### Valentina Cesare

**Biography**–

I am a research associate at the Astrophysics Observatory of Catania. I am currently working, with Dr. Ugo Becciani, on the study of optimal methodologies for the development, support and porting of astrophysics applications related to Gaia space mission on HPC, HTC, and GPU environments. As part of this work, I am also managing the system administration of the computer cluster of the observatory.

I got my Ph.D. in Physics and Astrophysics in March 2021, at the Physics Department of the University of Turin, under the supervision of Prof. Antonaldo Diaferio. My Ph.D. thesis was about the investigation of the dynamics of disk and elliptical galaxies with the theory of modified gravity Refracted Gravity.

**Profile Picture**– adass-xxxi-2021/question_uploads/Valentina_uHp4Wvc.jpg

**Affiliation**–

INAF, Osservatorio Astrofisico di Catania

**Position**–

Research associate

**Homepage**–

#### Sessions

The Gaia Astrometric Verification Unit – Global Sphere Reconstruction (AVU-GSR) Parallel Solver aims to find the astrometric parameters for ~1 billion of stars in the Milky Way, the attitude and the instrumental parameters of the Gaia satellite, and the global parameter gamma of the post Newtonian formalism RAMOD. To perform this task, the code iteratively solves a system of linear equations, A x = b, where the coefficient matrix A is large, having a dimension of ~10^10 x 10^8, and sparse.

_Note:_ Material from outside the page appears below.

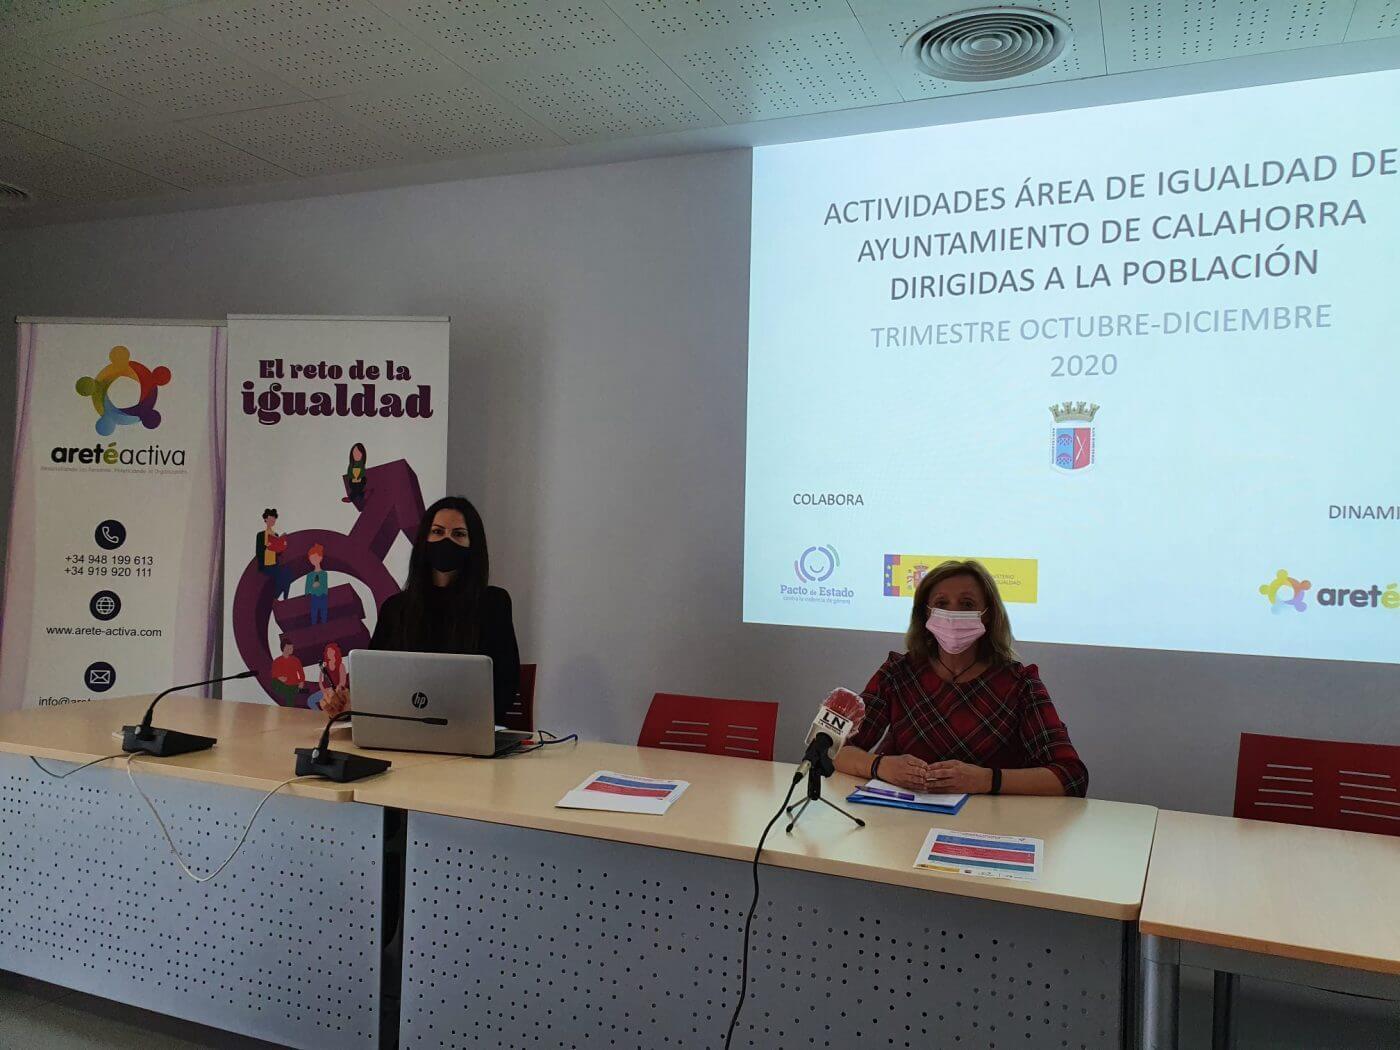 El ayuntamiento de Calahorra presenta las actividades trimestrales de la Concejalía de Igualdad, que incluyen talleres y sesiones virtuales para todas las edades

To deal with this big data problem, the matrix A is compactified through an ad-hoc compression algorithm and only its elements different from zero are considered during computation. The matrix dimension reduces from ~10^10 x 10^8 to ~10^10 x 10^1. To solve this system, the code exploits a hybrid implementation of the iterative PC-LSQR algorithm, where the computation related to different horizontal portions of the coefficient matrix is assigned to different MPI processes. In the original code, each matrix portion is further parallelized over the OpenMP threads. To further improve the code performance, we ported the application on the GPU, replacing the OpenMP part with OpenACC. In this porting, the ~95% of the data is copied at the beginning of the entire cycle of iterations, making the code compute bound rather than memory bound. In the preliminary tests, the OpenACC code already accelerates with respect to the OpenMP version and we aim to obtain a speedup equal to 2. Further optimizations, that involve the asynchronous work of the GPU and CPU regions of the code, are in progress to obtain higher gains. The code runs on multiple GPUs, one per MPI process, and it was tested on a full node of the CINECA supercomputer Marconi100, with 4 V100 GPUs having 16 GB of memory each, in perspective of a porting on the pre-exascale system Leonardo, that will be installed at CINECA in 2022. In the next month, we are going to work on the porting of the code with CUDA.